Biology X | Control and Coordination | Human Brain

Human Brain

Is reflex action the only function of the spinal cord? Obviously not, since we know that we are thinking beings. Spinal cord is made up of nerves which supply information to think about. Thinking involves more complex mechanisms and neural connections. These are concentrated in the brain, which is the main coordinating centre of the body. The brain and spinal cord constitute the central nervous system. They receive information from all parts of the body and integrate it.

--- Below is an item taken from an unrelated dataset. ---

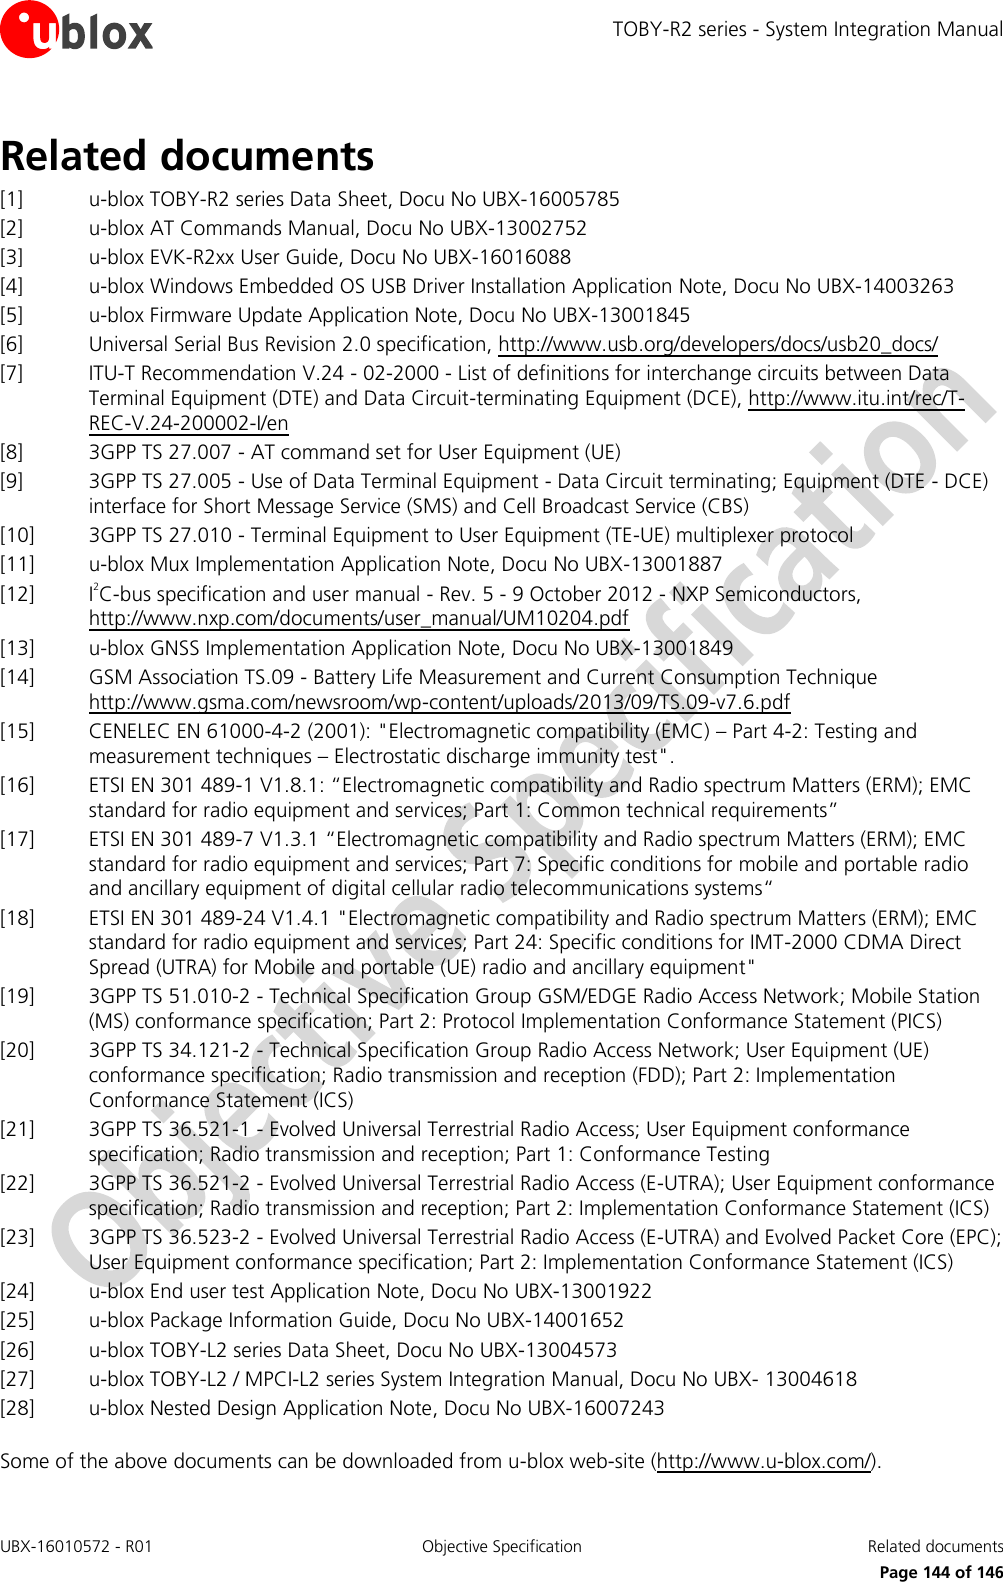 TOBY-R2 series - System Integration Manual UBX-16010572 - R01  Objective Specification  Related documents      Page 144 of 146 Related documents [1] u-blox TOBY-R2 series Data Sheet, Docu No UBX-16005785 [2] u-blox AT Commands Manual, Docu No UBX-13002752 [3] u-blox EVK-R2xx User Guide, Docu No UBX-16016088 [4] u-blox Windows Embedded OS USB Driver Installation Application Note, Docu No UBX-14003263 [5] u-blox Firmware Update Application Note, Docu No UBX-13001845 [6] Universal Serial Bus Revision 2.0 specification, http://www.usb.org/developers/docs/usb20_docs/  [7] ITU-T Recommendation V.24 - 02-2000 - List of definitions for interchange circuits between Data Terminal Equipment (DTE) and Data Circuit-terminating Equipment (DCE), http://www.itu.int/rec/T-REC-V.24-200002-I/en [8] 3GPP TS 27.007 - AT command set for User Equipment (UE)  [9] 3GPP TS 27.005 - Use of Data Terminal Equipment - Data Circuit terminating; Equipment (DTE - DCE) interface for Short Message Service (SMS) and Cell Broadcast Service (CBS)  [10] 3GPP TS 27.010 - Terminal Equipment to User Equipment (TE-UE) multiplexer protocol [11] u-blox Mux Implementation Application Note, Docu No UBX-13001887 [12] I2C-bus specification and user manual - Rev. 5 - 9 October 2012 - NXP Semiconductors, http://www.nxp.com/documents/user_manual/UM10204.pdf [13] u-blox GNSS Implementation Application Note, Docu No UBX-13001849  [14] GSM Association TS.09 - Battery Life Measurement and Current Consumption Technique http://www.gsma.com/newsroom/wp-content/uploads/2013/09/TS.09-v7.6.pdf  [15] CENELEC EN 61000-4-2 (2001): &quot;Electromagnetic compatibility (EMC) – Part 4-2: Testing and measurement techniques – Electrostatic discharge immunity test&quot;. [16] ETSI EN 301 489-1 V1.8.1: “Electromagnetic compatibility and Radio spectrum Matters (ERM); EMC standard for radio equipment and services; Part 1: Common technical requirements” [17] ETSI EN 301 489-7 V1.3.1 “Electromagnetic compatibility and Radio spectrum Matters (ERM); EMC standard for radio equipment and services; Part 7: Specific conditions for mobile and portable radio and ancillary equipment of digital cellular radio telecommunications systems“ [18] ETSI EN 301 489-24 V1.4.1 &quot;Electromagnetic compatibility and Radio spectrum Matters (ERM); EMC standard for radio equipment and services; Part 24: Specific conditions for IMT-2000 CDMA Direct Spread (UTRA) for Mobile and portable (UE) radio and ancillary equipment&quot; [19] 3GPP TS 51.010-2 - Technical Specification Group GSM/EDGE Radio Access Network; Mobile Station (MS) conformance specification; Part 2: Protocol Implementation Conformance Statement (PICS) [20] 3GPP TS 34.121-2 - Technical Specification Group Radio Access Network; User Equipment (UE) conformance specification; Radio transmission and reception (FDD); Part 2: Implementation Conformance Statement (ICS) [21] 3GPP TS 36.521-1 - Evolved Universal Terrestrial Radio Access; User Equipment conformance specification; Radio transmission and reception; Part 1: Conformance Testing [22] 3GPP TS 36.521-2 - Evolved Universal Terrestrial Radio Access (E-UTRA); User Equipment conformance specification; Radio transmission and reception; Part 2: Implementation Conformance Statement (ICS) [23] 3GPP TS 36.523-2 - Evolved Universal Terrestrial Radio Access (E-UTRA) and Evolved Packet Core (EPC); User Equipment conformance specification; Part 2: Implementation Conformance Statement (ICS) [24] u-blox End user test Application Note, Docu No UBX-13001922 [25] u-blox Package Information Guide, Docu No UBX-14001652 [26] u-blox TOBY-L2 series Data Sheet, Docu No UBX-13004573 [27] u-blox TOBY-L2 / MPCI-L2 series System Integration Manual, Docu No UBX- 13004618 [28] u-blox Nested Design Application Note, Docu No UBX-16007243  Some of the above documents can be downloaded from u-blox web-site (http://www.u-blox.com/).

We also think about our actions. Writing, talking, moving a chair, clapping at the end of a programme are examples of voluntary actions which are based on deciding what to do next. So, the brain also has to send messages to muscles. This is the second way in which the nervous system communicates with the muscles. The communication between the central nervous system and the other parts of the body is facilitated by the peripheral nervous system consisting of cranial nerves arising from the brain and spinal nerves arising from the spinal cord. The brain thus allows us to think and take actions based on that thinking. As you will expect, this is accomplished through a complex design, with different parts of the brain responsible for integrating different inputs and outputs. The brain has three such major parts or regions, namely the fore-brain, mid-brain and hind-brain.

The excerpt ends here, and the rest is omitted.